Bohemia was delivered from the Saxons,

The Swede's career of conquest checked! These lands
Began to draw breath freely, as Duke Friedland
From all the streams of Germany forced hither
The scattered armies of the enemy,

Hither invoked as round one magic circle
The Rhinegrave, Bernhard, Banner, Oxenstirn,
Yea, and that never-conquered King himself;
Here finally, before the eye of Nürnberg,
The fearful game of battle to decide.

Wal.

May't please you to the point.

Ques. In Nürnberg's camp the Swedish monarch left
His fame-in Lützen's plains his life.

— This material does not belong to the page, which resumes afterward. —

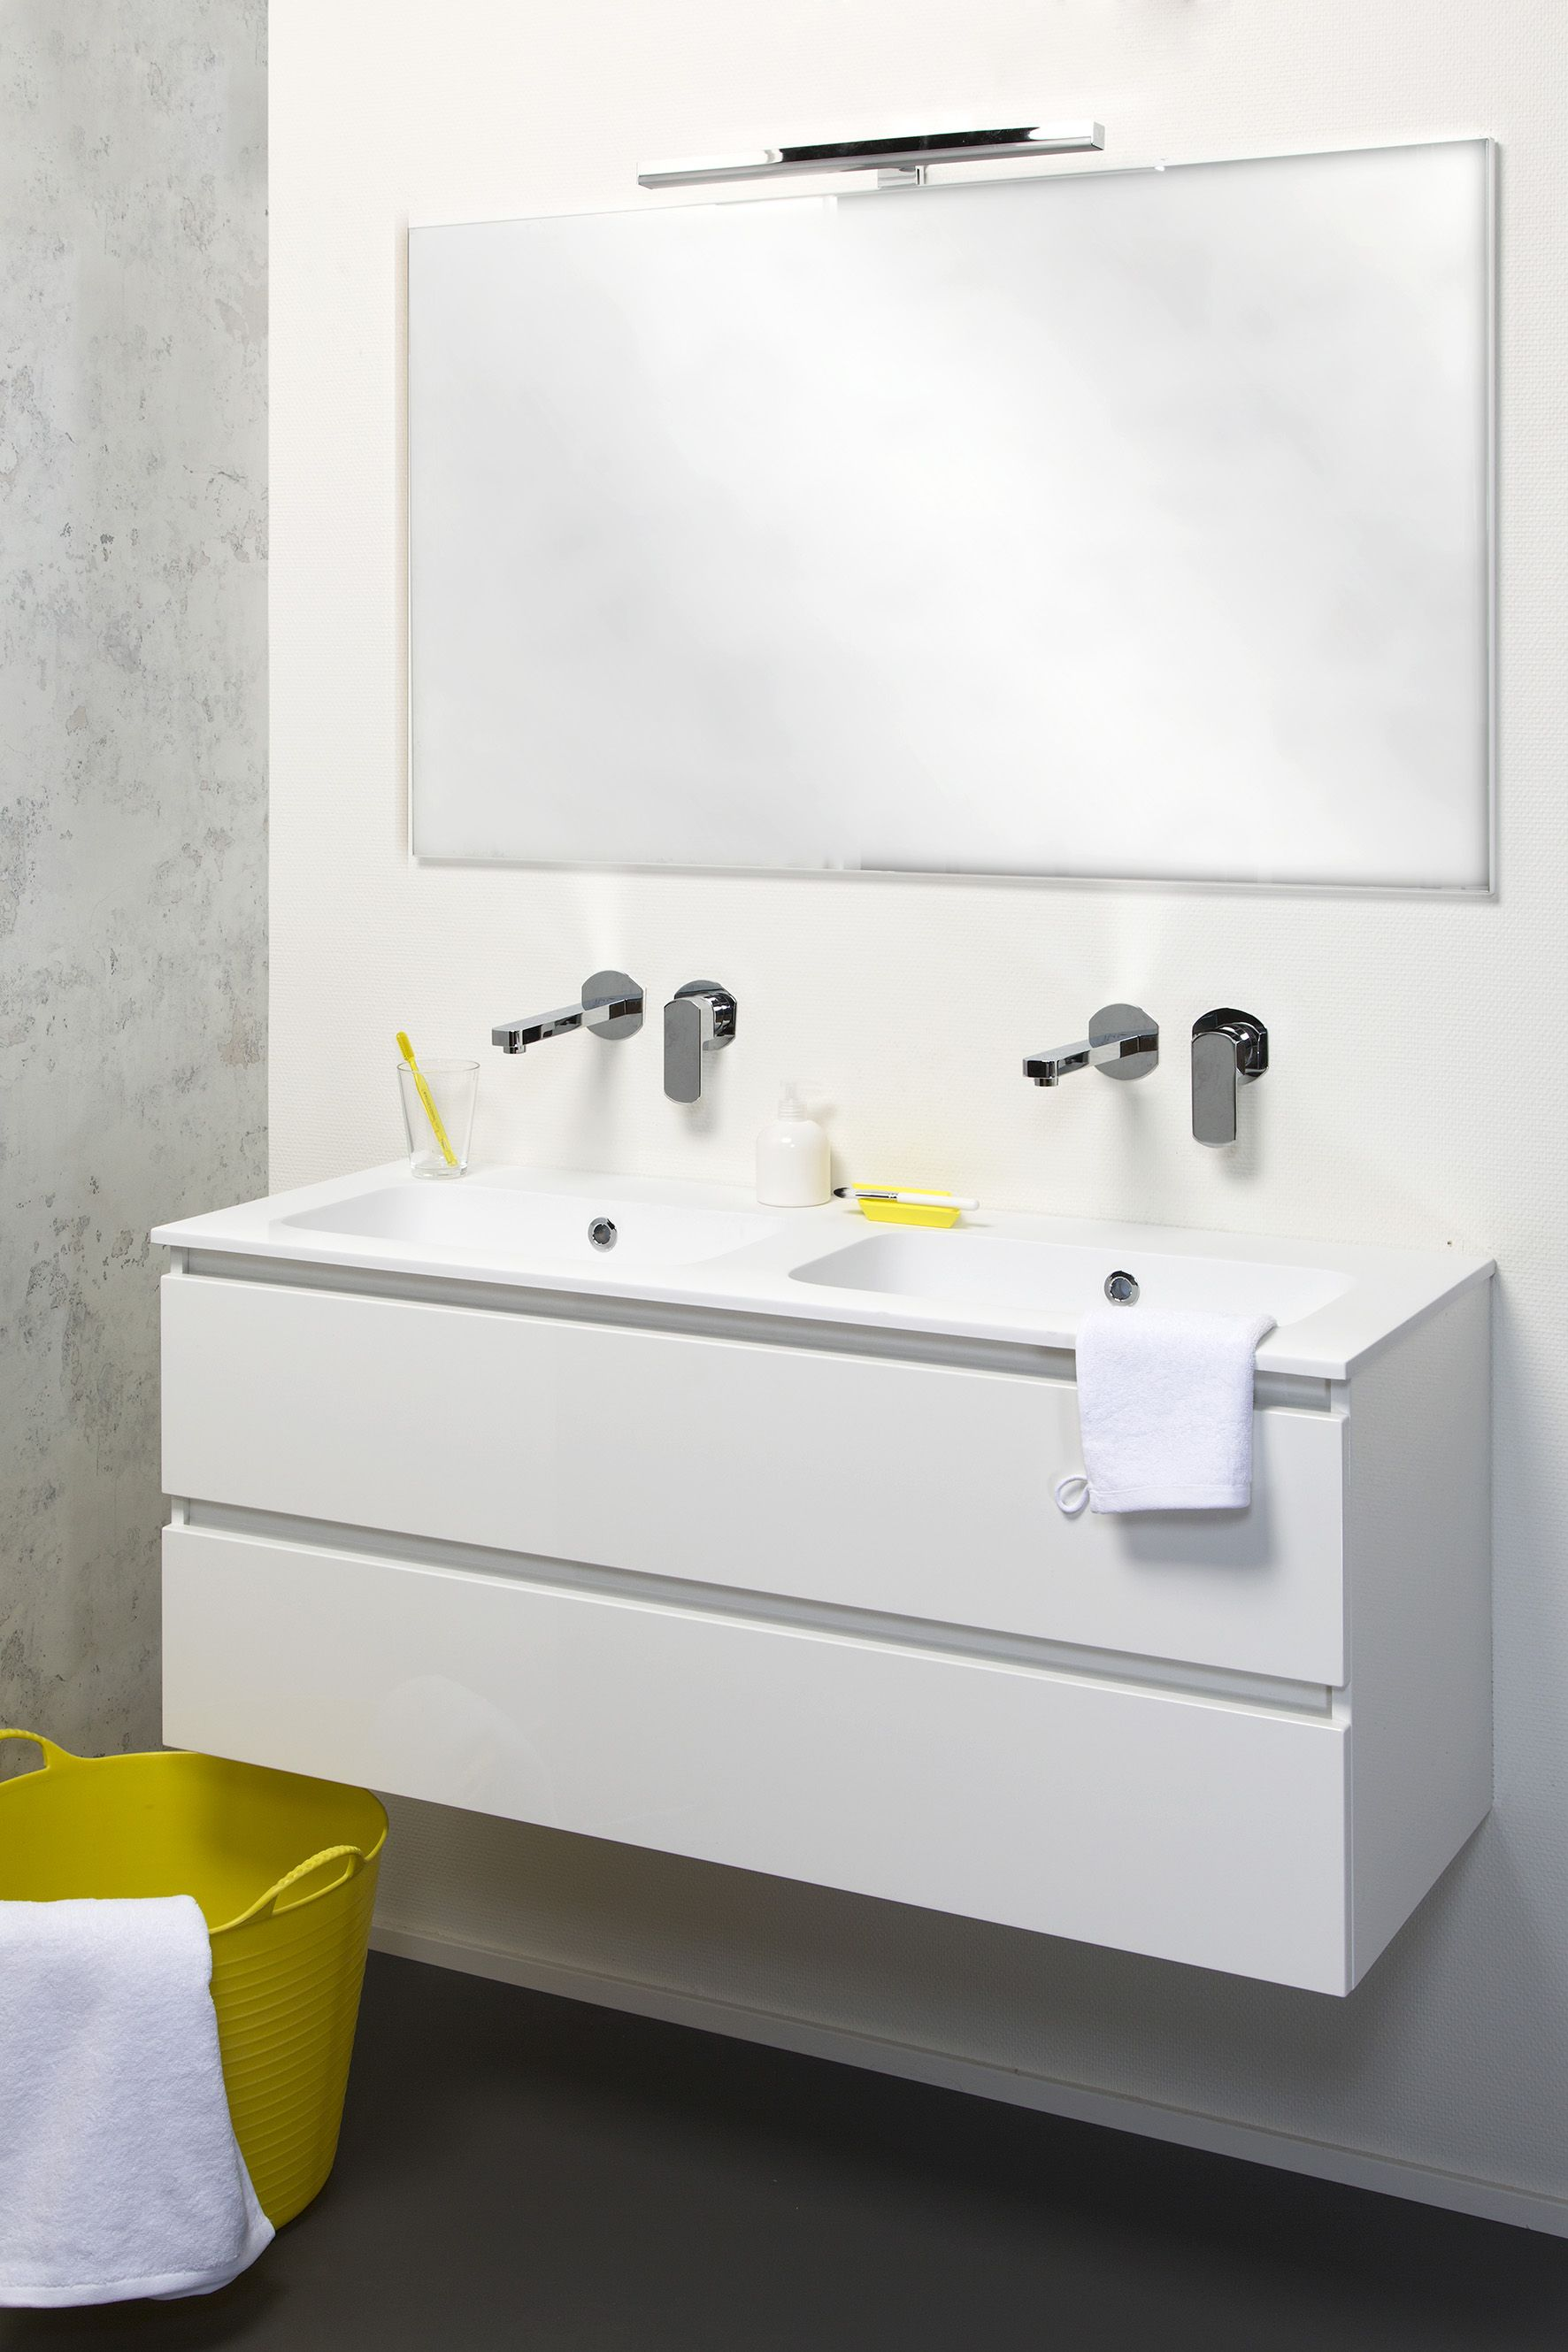 badkamermeubel lavanto allasio in hoogglans wit met solid marmo
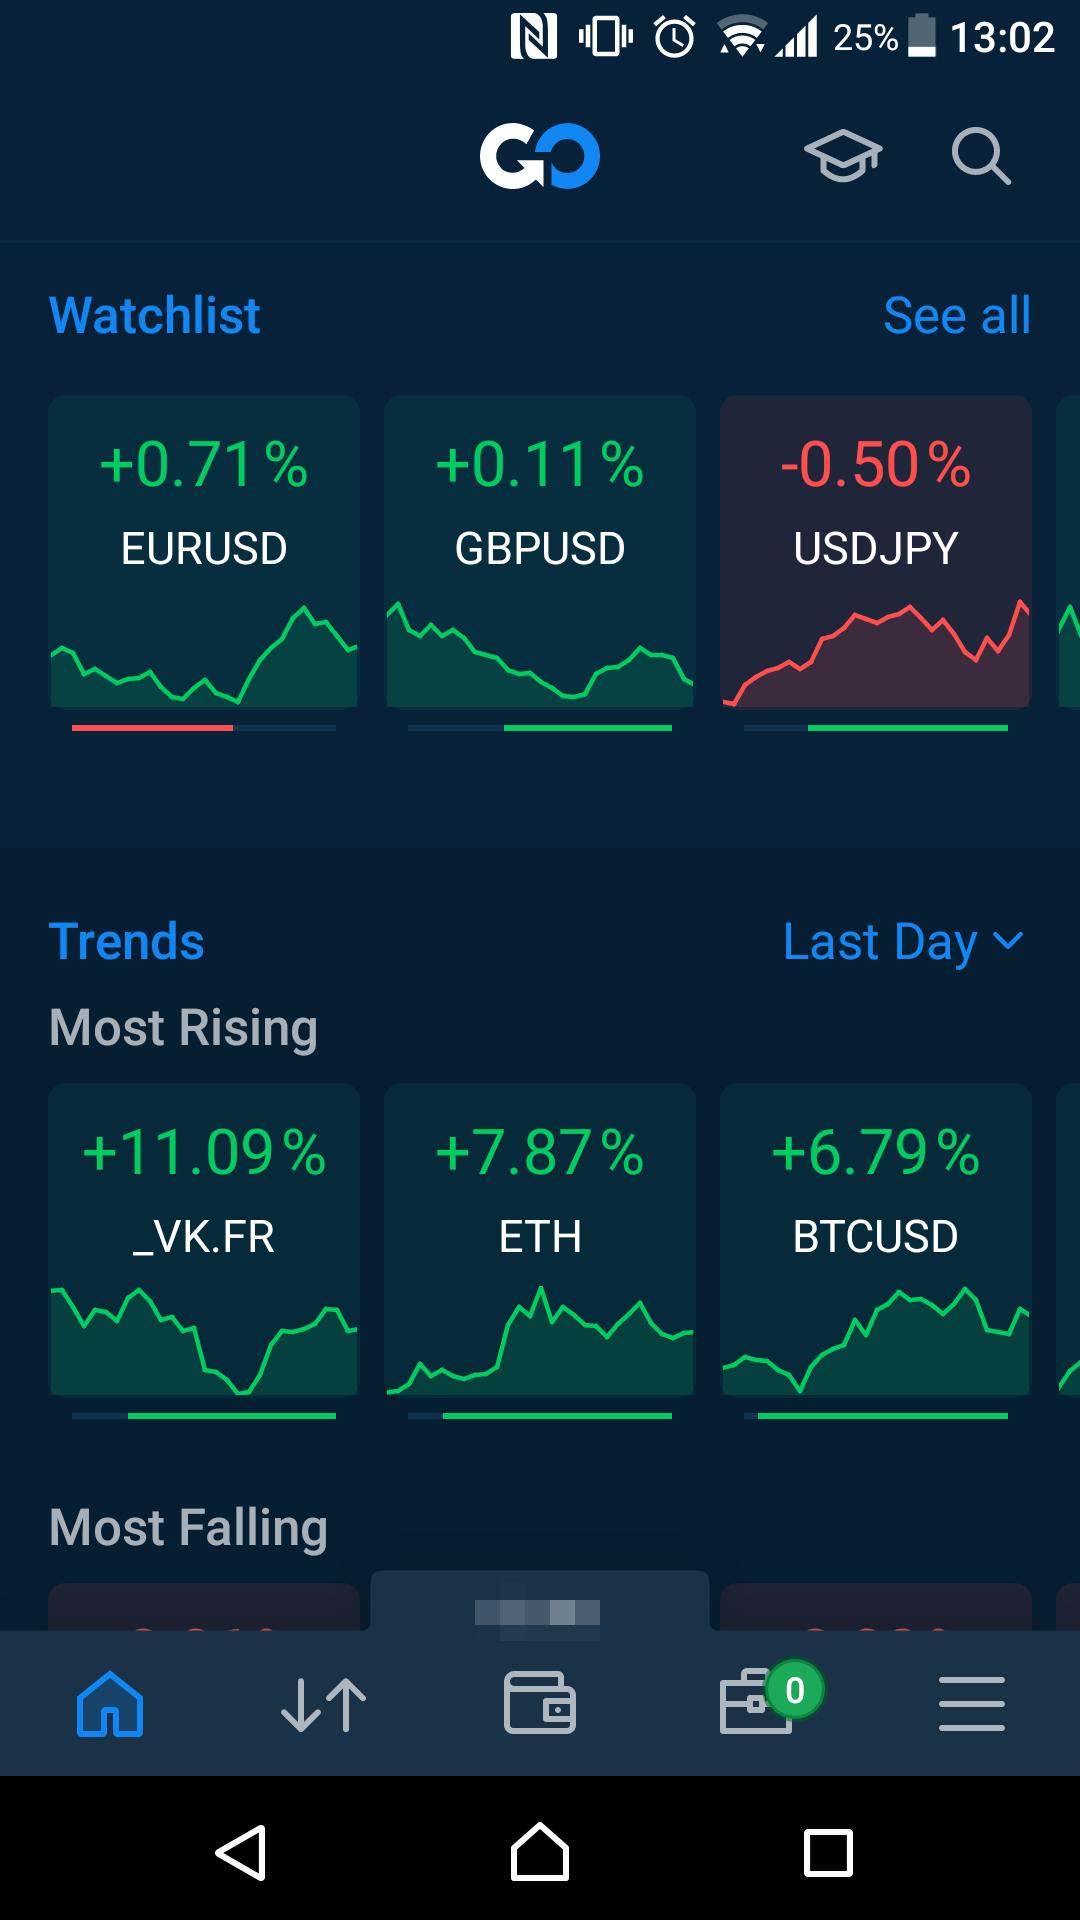 AvaTrade review - Mobile trading platform

But who
Stood not astounded, when victorious Friedland
After this day of triumph, this proud day,
Marched toward Bohemia with the speed of flight,
And vanished from the theatre of war;
While the young Weimar hero forced his way
Into Franconia, to the Danube, like

Some delving winter-stream, which, where it rushes,
Makes its own channel; with such sudden speed

He marched, and now at once 'fore Regenspurg
Stood to the affright of all good Catholic Christians.
Then did Bavaria's well-deserving Prince

Entreat swift aidance in his extreme need;

The Emperor sends seven horsemen to Duke Friedland, Seven horsemen couriers sends he with the entreaty: He superadds his own, and supplicates

Where as the sovereign lord he can command.

In vain his supplication! At this moment

The Duke hears only his old hate and grudge,

Barters the general good to gratify

Private revenge-and so falls Regenspurg.

Wal. Max., to what period of the war alludes he My recollection fails me here.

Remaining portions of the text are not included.